Shi's father was sentenced to five years due to his position as the leader of the church, although he has since been released and currently resides in China. Shi's uncle arranged for Shi to flee to the United States shortly after the police released him. Shi initially arrived in Canada, on or about June 7, 2002, and then entered the United States by car roughly a week later. Shi has lived in several cities and currently resides in New York,2 and he has attended several Christian churches in those cities.
Shi applied for asylum in January 2003. The Department of Homeland Security (“DHS”) commenced removal proceedings against Shi in 2008, charging him with removability pursuant to 8 U.S.C. § 1182(a)(6)(A)(i) as an alien present in the United States without being admitted or paroled. Based on his claim of religious persecution, Shi applied for asylum pursuant to 8 U.S.C. § 1158; withholding of removal pursuant to 8 U.S.C. § 1231(b)(3); and relief under the United Nations Convention Against Torture (“CAT”) pursuant to 8 C.F.R. §§ 1208.16 and 1208.18.

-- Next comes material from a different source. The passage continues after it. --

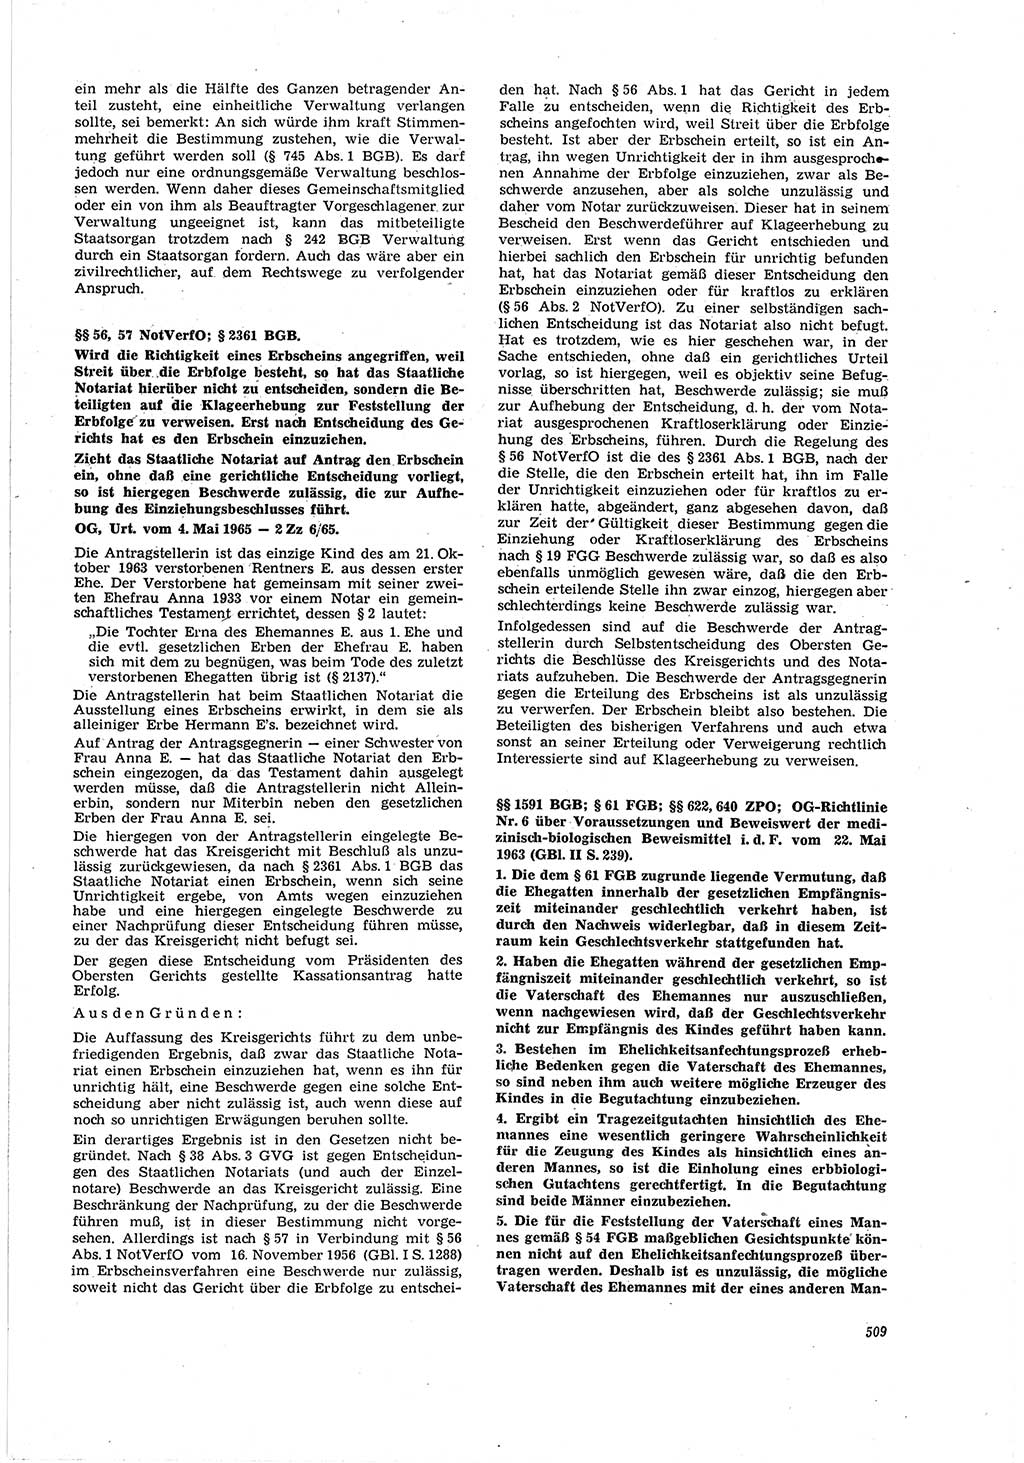 Neue Justiz (NJ), Zeitschrift für Recht und Rechtswissenschaft [Deutsche Demokratische Republik (DDR)], 20. Jahrgang 1966, Seite 509 (NJ DDR 1966, S. 509)

The IJ denied Shi's application for all three forms of relief for several reasons. First, because Shi testified inconsistently about his date of entry into the United States, the IJ found that Shi had not established by clear and convincing evidence that he filed his asylum application within one year of entry. The IJ further found that Shi's testimony was incredible due to internal inconsistencies in his testimony, including an inconsistency regarding his date of entry, his inability to state his place of entry, and suspicions that documentary evidence had been prepared specifically to support his asylum claim. The IJ also held that Shi's testimony, even if true, did not meet this Circuit's legal standard for persecution. The IJ explained that persecution is an “extreme concept” and requires “more than a few isolated incidents of verbal harassment, intimidation, or one time incarceration.” According to the IJ, what occurred to Shi in China did not rise to the extreme level required to demonstrate past persecution.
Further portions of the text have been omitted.